The immediate crisis, of course, is the war itself, which has sent 3 million refugees over the Ukraine border to Poland, with many more to come — and Poland is doing all it can, he said, as the world responds.
“So help us give the final
blow to Russia,” Walesa said. “The question to me now is whether we will stay united strongly enough for this new concept of the world to prevail.”
He paid homage to his close friend, the late David Chase, a Holocaust survivor who became a multimillionaire global investor in Hartford and was a major supporter, setting up a Solidarity bank in reformist Poland. Walesa’s biggest worry, in answer to Torrey’s question: Letting this opportunity slip away. That happened when he was president of Poland, he said, looking for more U.S. aid.

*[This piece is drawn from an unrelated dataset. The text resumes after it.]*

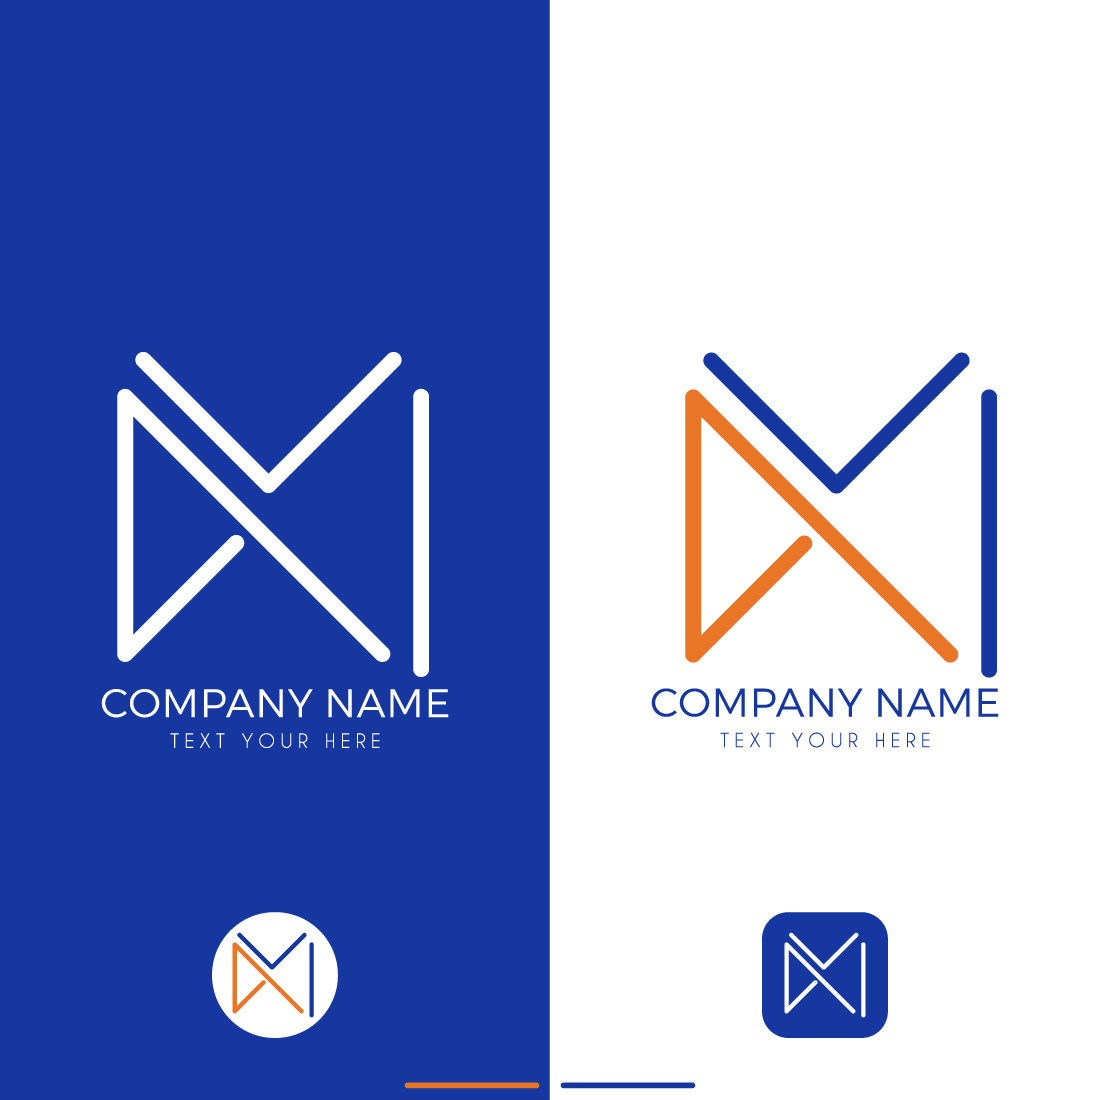 KM Company Group Linked Letter Logo Design cover image.

“I would be begging, please, give us your generals,” he said. “I mean General Motors, General Electric…That’s why I lost my election, because I wasn’t successful economically.”
Is the dream realistic?
How about that new world era? I asked the young refugee couple, Simon Bobrovskii, who exited Russia for Kyiv, Ukraine, where he was working as a hearing aid technician when the war broke out, and Daria Sakhniuk, a dental clinic manager from Kyiv.

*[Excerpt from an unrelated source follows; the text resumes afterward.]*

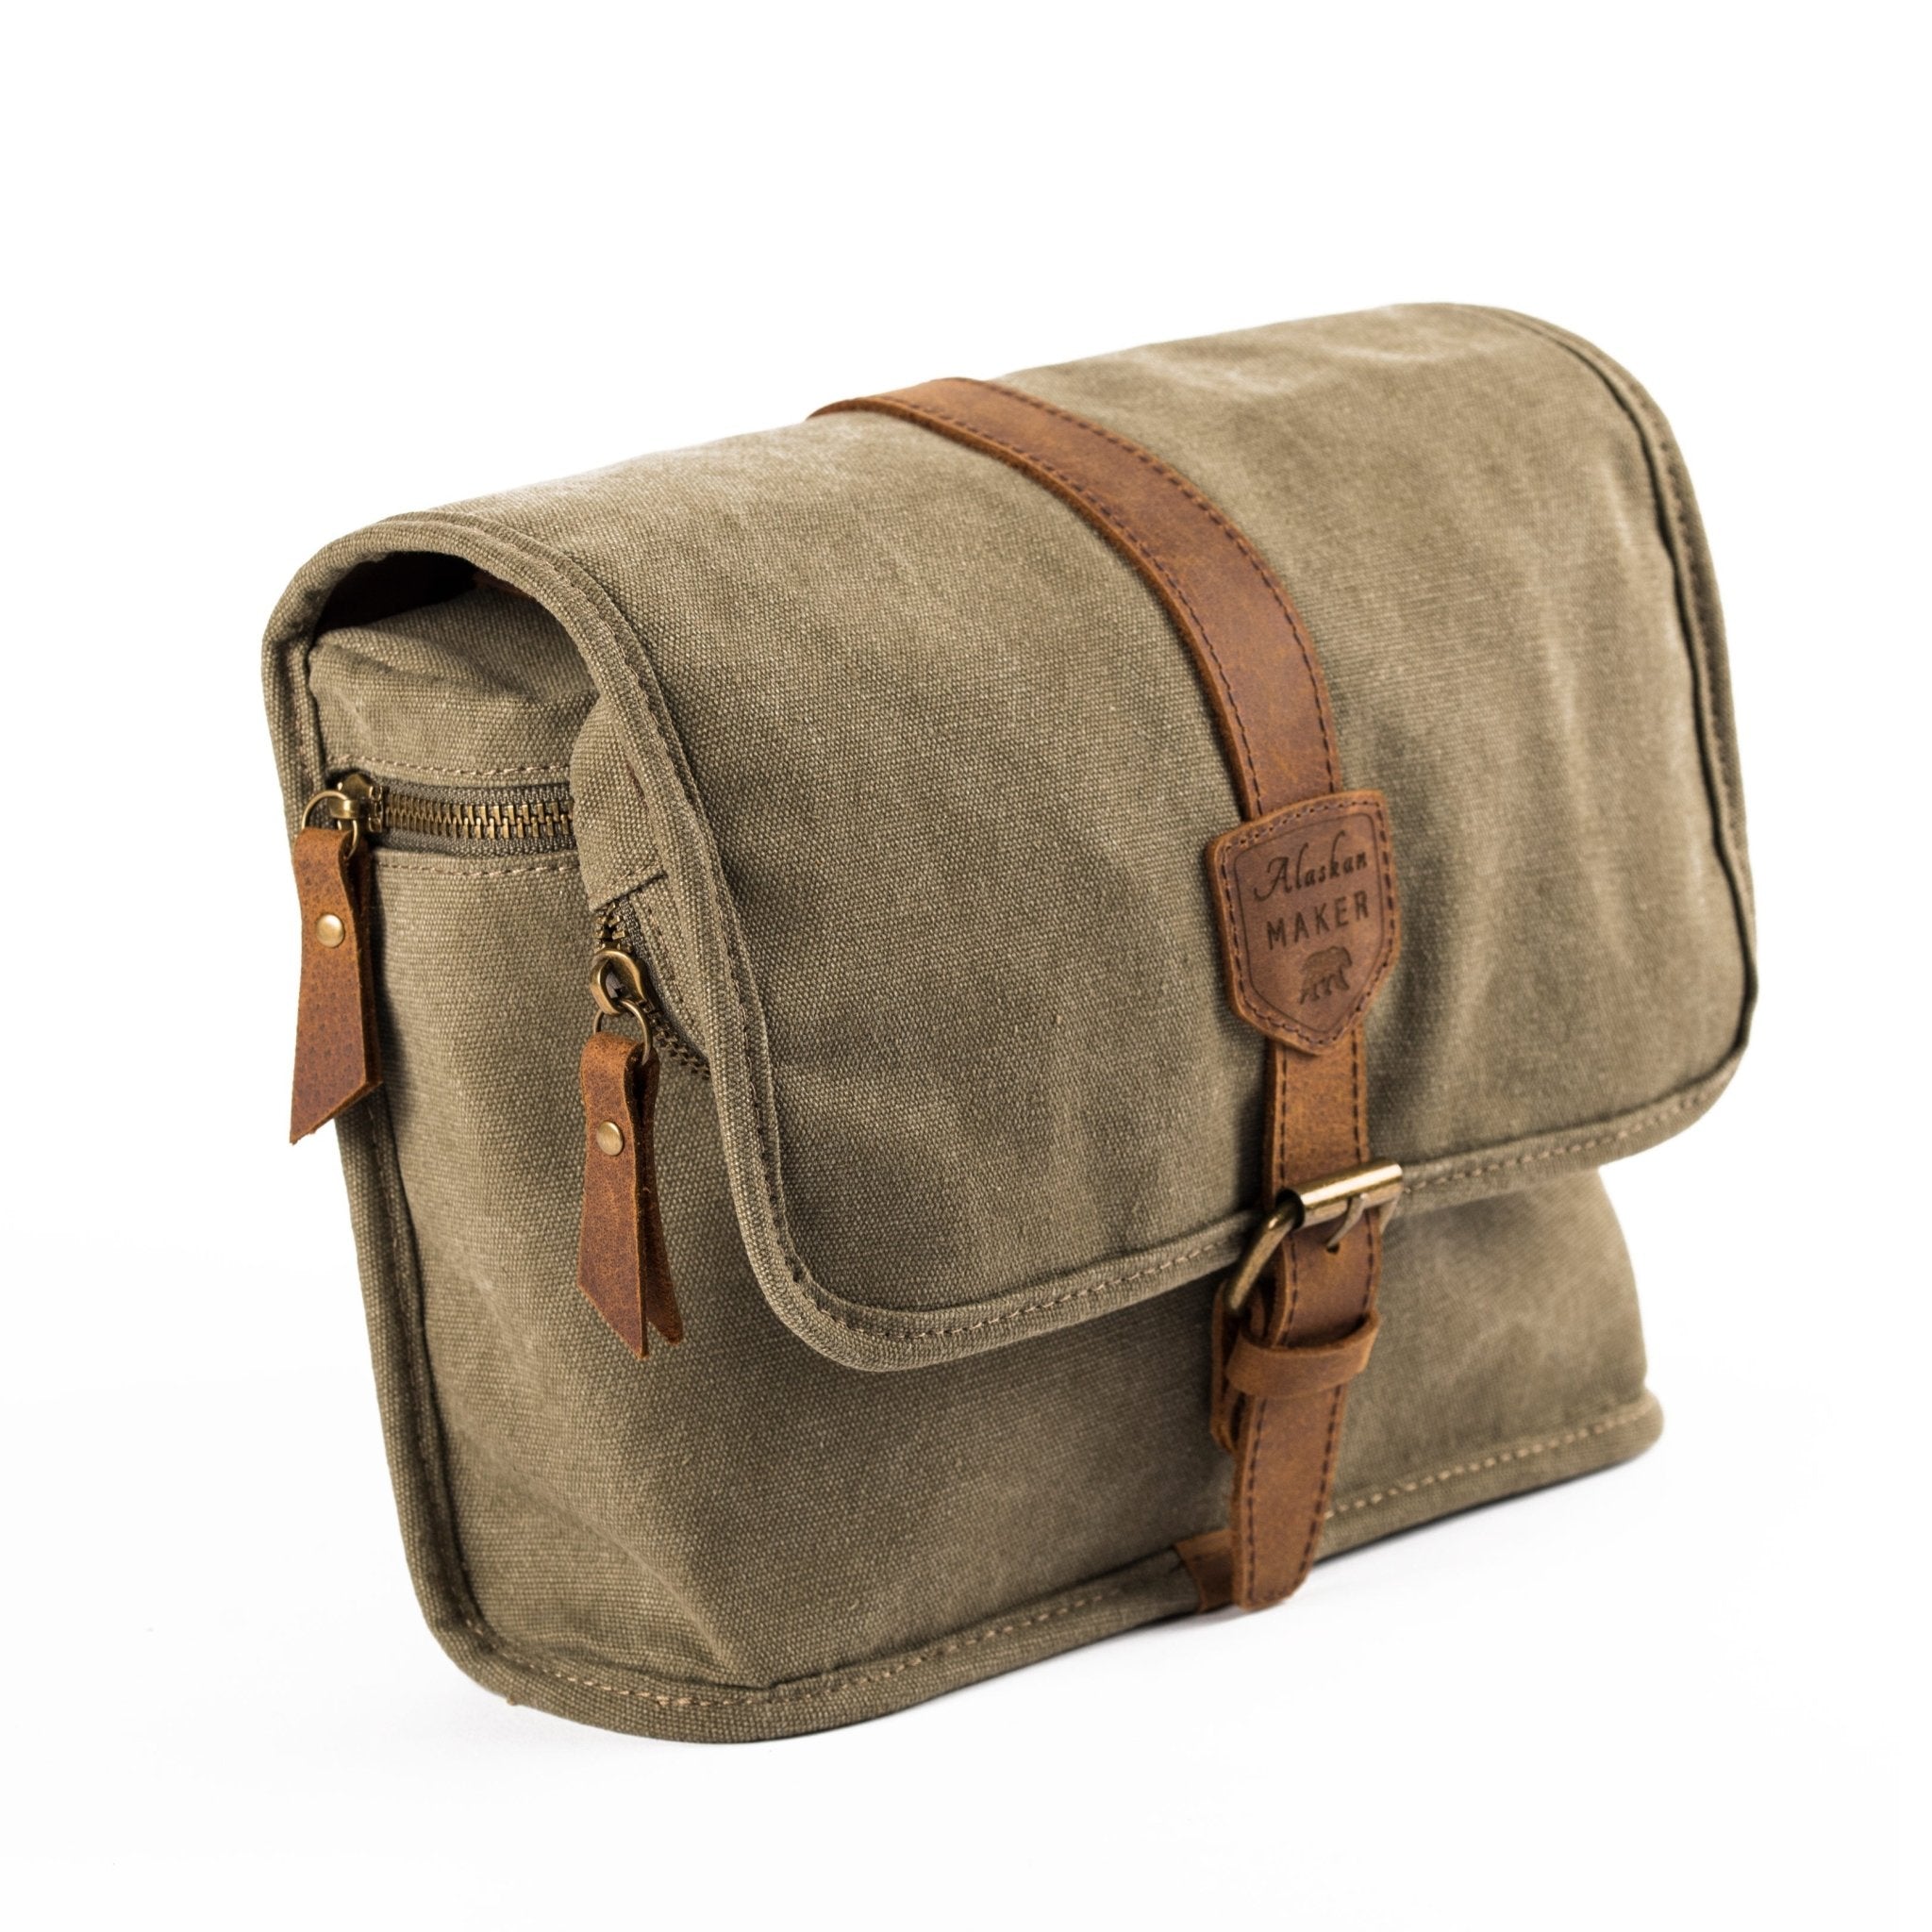 Canvas Hanging Wash Bag. Great For Home & Travel - Life of Riley

They married in a refugee camp in Mexico before they were brought to Connecticut
by Dana Bucin, a Hartford immigration lawyer from Romania working with Ukraine refugees — who is looking for more hosts.
Walesa’s vision of a new world era is realistic, Bobrovskii said, based on “the will of the people to live in peace together...it’s not a distant dream.”
No, his new wife said, “It’s utopia. It’s not real for this time, for now.”
Attorney Peter G. Kelly, chairman of the World Affairs Council and retired from Updike, Kelly & Spellacy, helped write the postSoviet Polish constitution during Walesa’s presidency and helped former Russian president Boris Yeltsin reform the judiciary, only to see Vladimir Putin undo the reforms.
Kelly said Walesa’s message about two superpowers facing off is poignant. “What he’s saying is that
what we have now doesn’t work.”
And so Lech Walesa, introduced Tuesday night by Connecticut businessman Anthony Viscogliosi as an inspiration of our youth, keeps pushing 40 years later.
“Our civilization is maybe reaching the point at which it can be destroyed,” Walesa said. “Will we be able to move beyond this point, avoiding this? If we fail to do that then there will be a millennium with no light on this globe.”
Amazingly, at that moment he delivered another quip. I couldn’t hear it or make it out on my recording amid the laughs of Polish speakers in the audience as the interpreter said the line in English. No matter; it was the laughter of human resilience.